OK, this proved to be a tricky one. At least for me.
I have this bad mesh (and many others which are worse yet) and I want to automate finding the lowest path or depression along the bottom of the concave upper surface (se blue line), starting with only the mesh and the plane, as they are found in the attached file.
“Lowest” is here defined by the inclination of the nearby plane (never mind how I arrive at that plane) and not by the normal of the WorldXY Plane. Given is that the plane’s Y-axis is pointing upwards, and I want to find the blue line:
Viewed from the other direction (Edit: Hm, strange, the picture disappears…adding a new one):
Again, the plane’s Y-axis determines what is up and what is “downward” (down = anti-parallel to the Y-axis). And in this direction I want to find the bottom-most mesh vertices in the “valley” of the upper surface. The bottom-most vertice could form a polyline by following the mesh edges, but it can also be mesh vertices on both sides of such a polyline (the mesh can be pretty bad, so it’s ok to just collect whatever points on the surface which are not located in a hole or the alike.).
There can be several problems with the mesh, like holes, and trashy “splinters” inside the mesh, and some of this trash is not connected to the surface, while some of the crap is connected to the outer mesh surface. In any case, this trash cannot be removed by Disjoint etc, because it may destroy parts of the mesh where this “trash” still serves as a kind of “surface boundary” on really bad meshes.

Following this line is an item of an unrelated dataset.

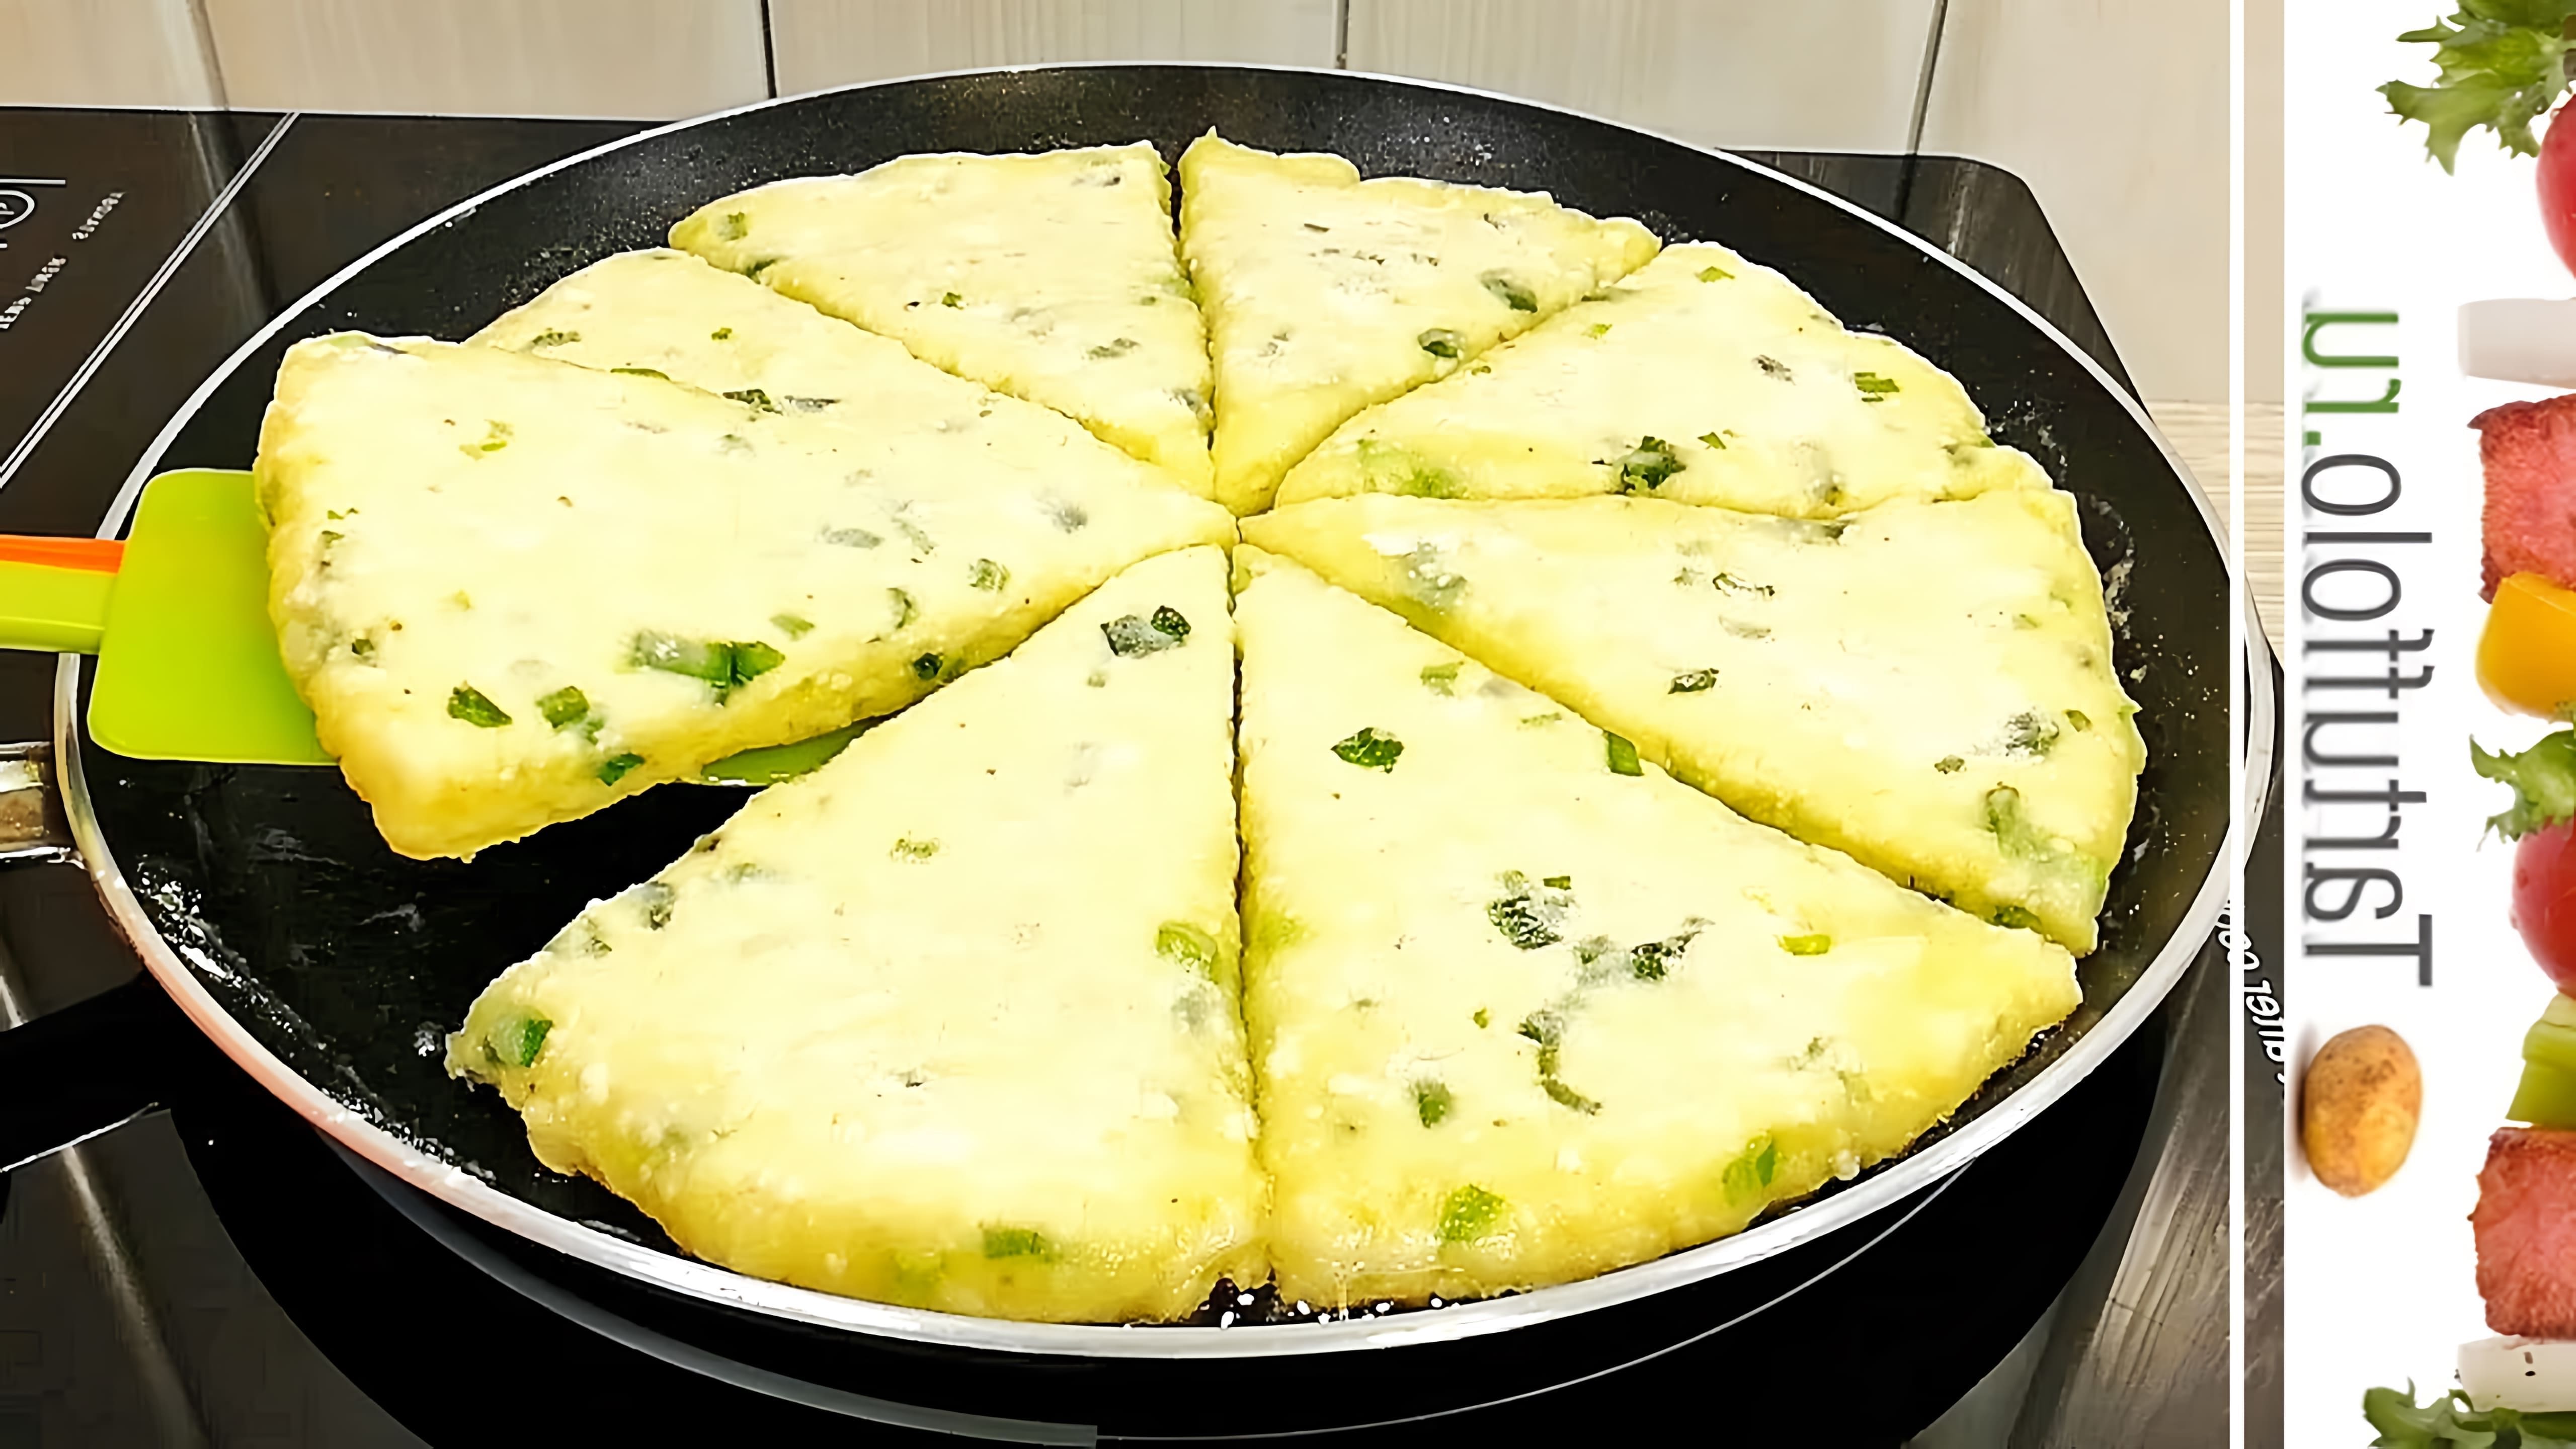 В этом видео демонстрируется рецепт приготовления творожно-сырных лепешек

The plane in this example is deliberately placed a bit off the deepest path, simply because it will never be exactly where the bottom line will end up anyway. The plane will only provide with an inclination vector (its Y-axis) and will never provide with any location hint regarding the geometry. This inclination vector will not detemine the “slope” of the blue line, only the "deepest depression along the “valley”.
In the second picture I have drawn the blue line zigzaging a little bit, which would represent how a polylinje would follow the edges of the deepest depression, but what I am after is a straight line, which if you had dropped a pen or a pipe in the depression, and it would then have rolled down and found a resting position at the “bottom” of the valley. This means for example that the nearest part of the blue line (say, the nearest 1/4:th of the blue line) should not influence where the “bottom line” should find its resting position.
In this particular case the line would probably end up in a position something like in the following picture. One could think of including vertices to a depth of e “pipe radius” so as to get more points indicating “bottom-most”:
The final line would be a Fit Line based on the bottom-most mesh vertices found. For some reason this particular case seems being trickier than I first thought, but if any of you guys already have solved something like this I’d be happy to learn your trick. Hint: Deformities and holes in the mesh can cause serious trouble.